WHAT TO WORK ON
What is needed is an exact copy of the data below, pictures excluded.

SUPPLIED DATA
Start of Block

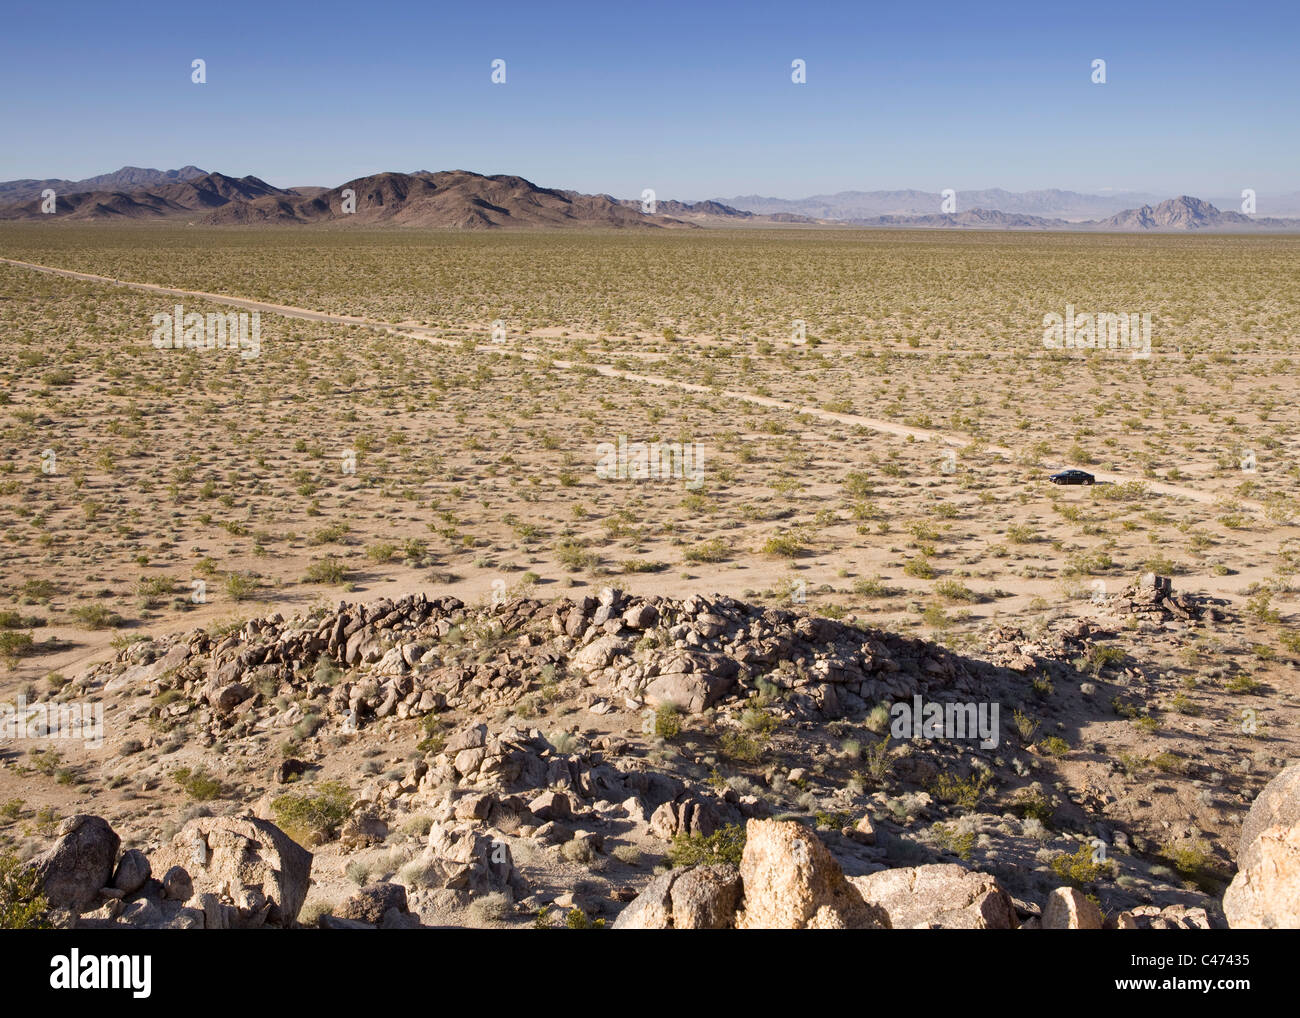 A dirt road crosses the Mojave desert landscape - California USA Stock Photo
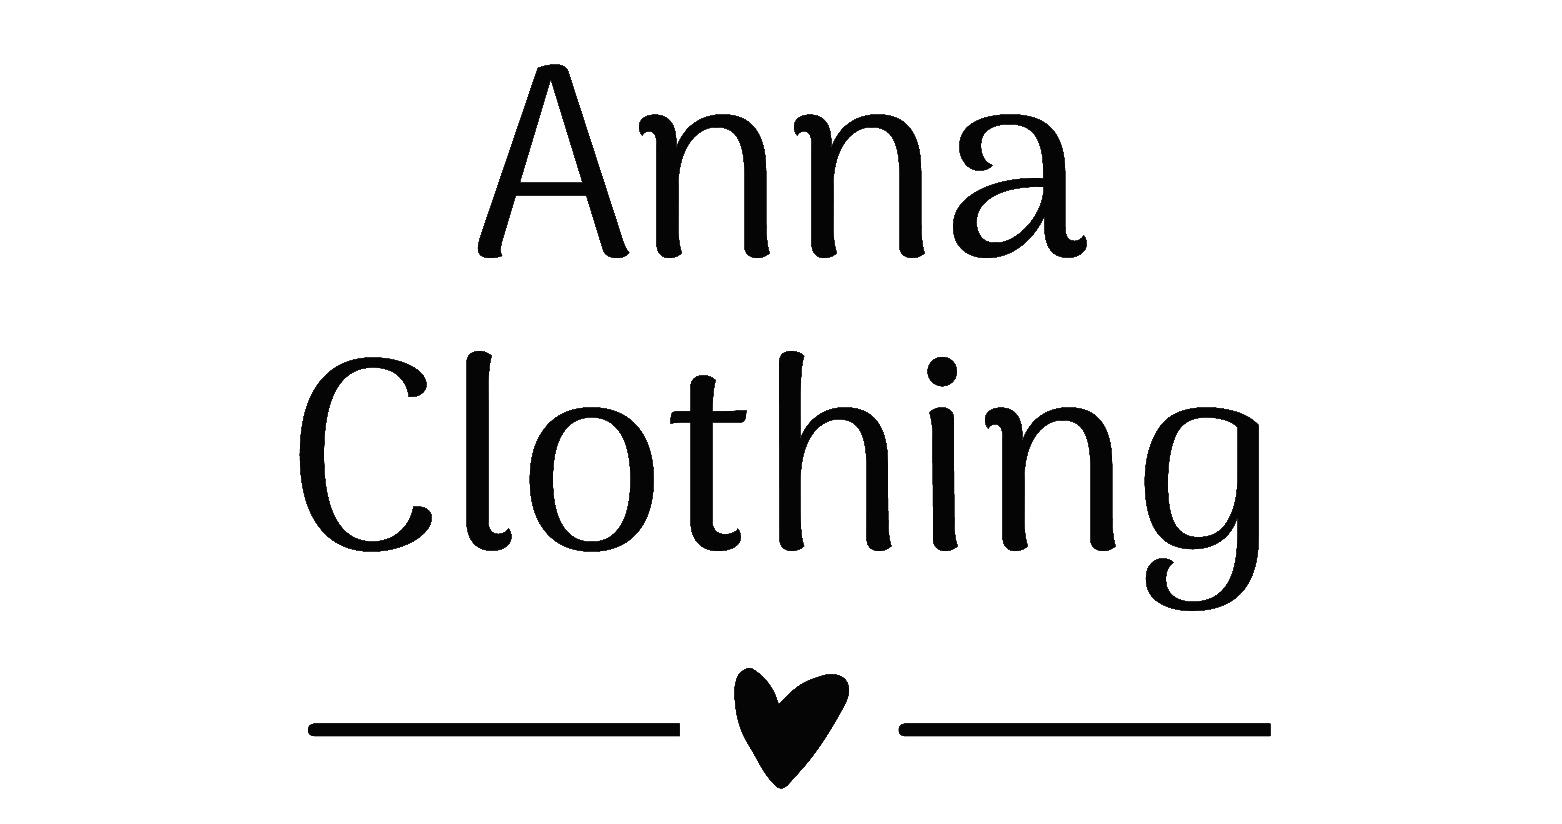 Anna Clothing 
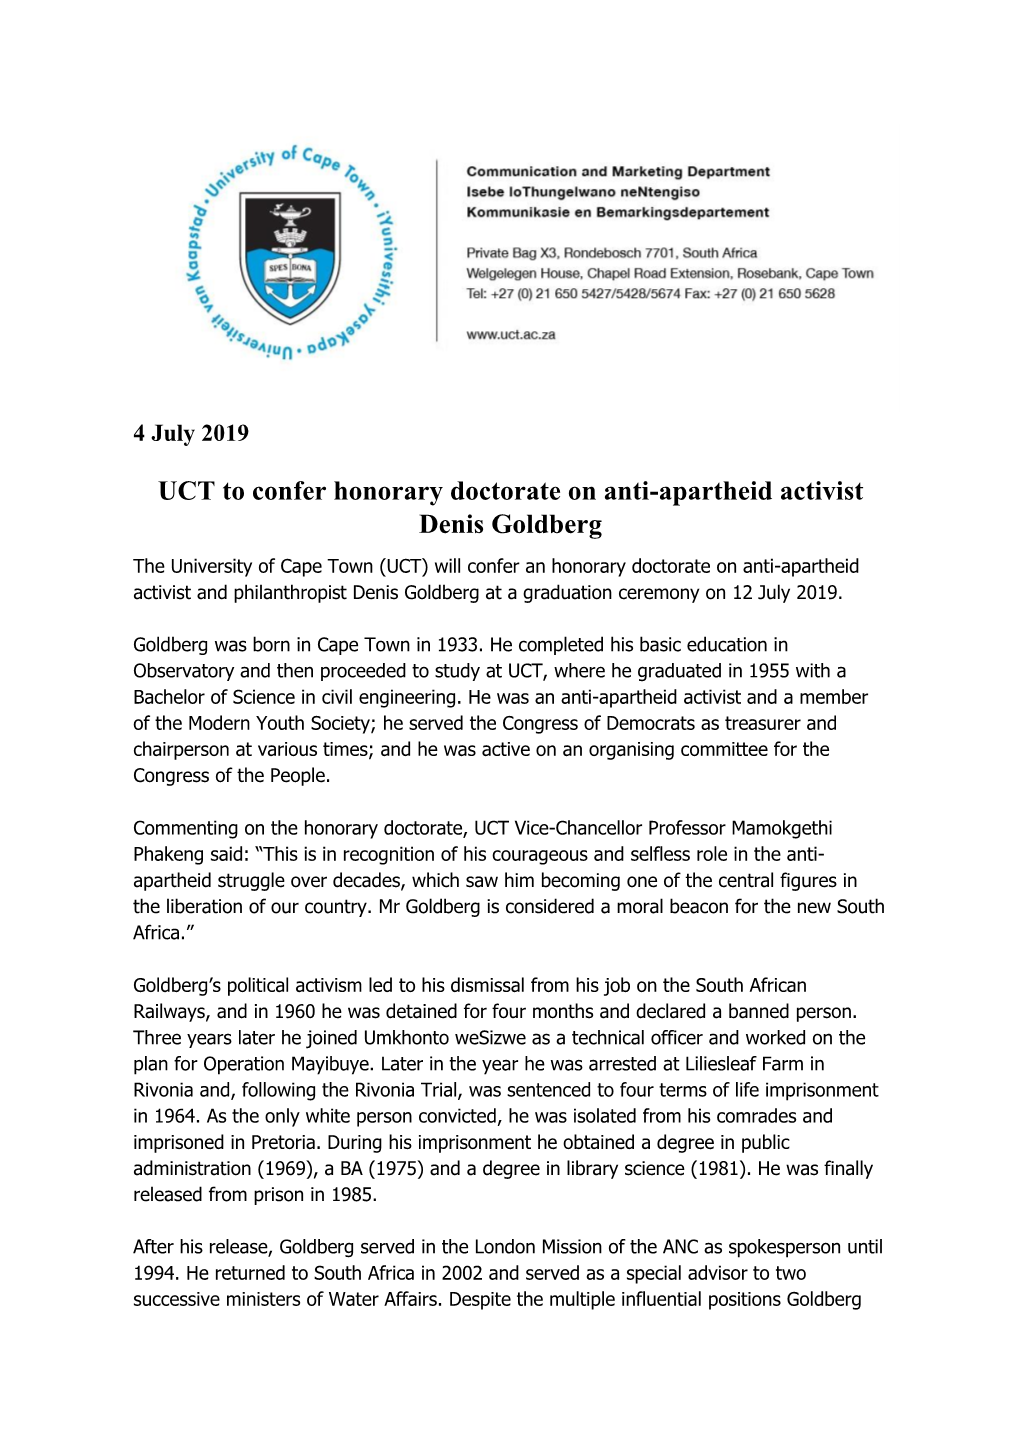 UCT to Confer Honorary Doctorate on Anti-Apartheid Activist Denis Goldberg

End of Block

WRITTEN SOLUTION
 A dirt road crosses the Mojave desert landscape - California USA Stock Photo
 Anna Clothing 
 UCT to Confer Honorary Doctorate on Anti-Apartheid Activist Denis Goldberg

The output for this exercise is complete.